Hey guys and gals, I'm a newb here but wanted to see if anyone might have some ideas of brand of this tricycle. I'm a photographer and I bought this for a new prop. Out of boredom, I decided to look and see what I could find out about. But now that i cant find anythng, it really has my curiosity up.Thanks in advance for any help. And sorry if this isn't the right place to post this.


----------



## thebikeman (Feb 9, 2015)

Don't be Bored. Its not good. Seat looks a little funny. Maybe it is only out of adjustment on the bottom. 
I have never been into pictures. If you take up Bike Riding you may not be bored anymore. ITS A SIGN......... From ABOVE.... Sell the Camera....


----------



## Planterspeanut (Feb 9, 2015)

yeah I gotta fix the seat, just got it home late last night. My big ol butt would probaby break so better stick to photography. lol


----------



## bobsbikes (Feb 10, 2015)

looks to be 60s murray from the head badge and hub caps
tricycle fitish  may help


----------



## Planterspeanut (Feb 10, 2015)

Well I looked there, but I cant find one with the top step being that wide. and i have no luck at all finding any with the sissy bar style seat.


----------



## Planterspeanut (Feb 10, 2015)

i dont know if that was something added or not. And all the bolt and nts are square and slotted screws. i dont know if that helps in picking a time period or not.


----------



## thebikeman (Feb 10, 2015)

I have the Same seat on a 20" convertible.
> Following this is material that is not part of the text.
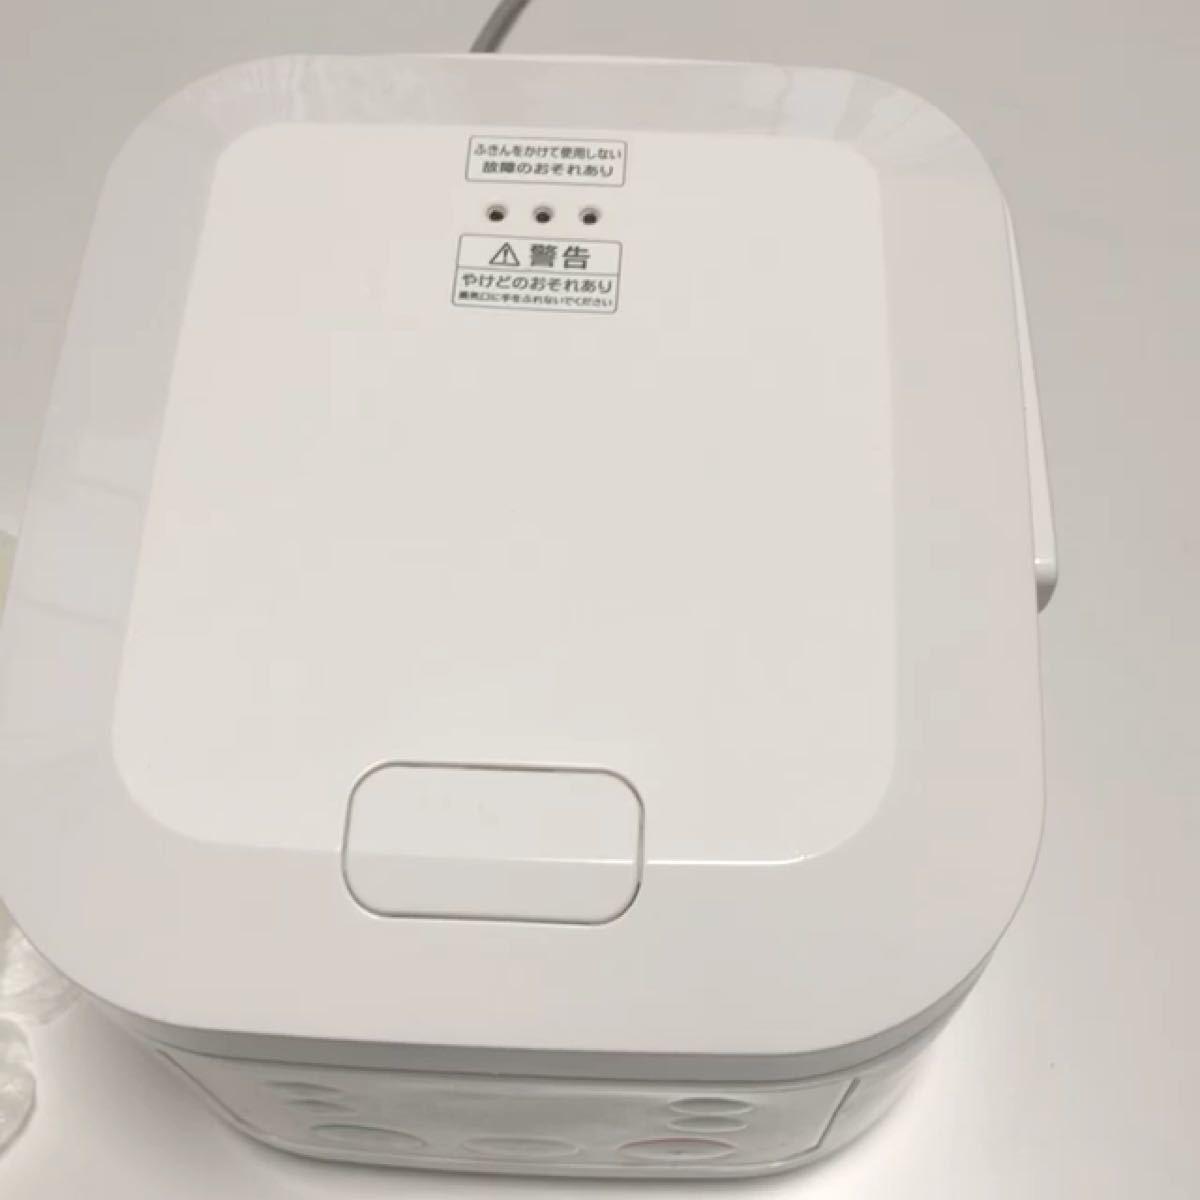 炊飯器、スイハンキ、動作確認済み、ハイアール マイコンジャー炊飯器(3合炊き)ホワイトHaier JJ-M30C-W、送料込み

It is blue and white and yes it has that same little trike stem on it. So I will take a guess that the seat was added. Mine does not have that sissy bar on it. How is that sissy bar attached to the step? How is it adjusted?
I have never seen a Trike with an actual padded seat.


----------



## Planterspeanut (Feb 10, 2015)

I just took it apart to see and the get it straightened out. the stem was only through the top hole. The sissy bar just is attached to the seat with the same old slot screws and square nuts. The legs of the sissy bar are just solid bars and fits into 2 holes in the step. The appear machine made holes not hand drilled later. ( perfectly place in same spot and no dimples from the metal being bent out from the bit going through. no lips at all.) And it makes sense for them to just be ran through there since its a springer seat so the bars can move with the seat. i really thought the headlight looking head badge might have something on it name wise but cant find anything. I want to take it off but affraid I might break it in the process.


----------



## bobsbikes (Feb 10, 2015)

there is a pic.of the head badge on tricycle fitish


----------



## Planterspeanut (Feb 10, 2015)

Got a link?


----------



## SuperMonark (Feb 13, 2015)

60's for sure. Just polish the chrome and it will look sick!


----------



## spook1s (Mar 7, 2015)

Tricycle Fetish....  As in you have a FETISH for Tricycles.


----------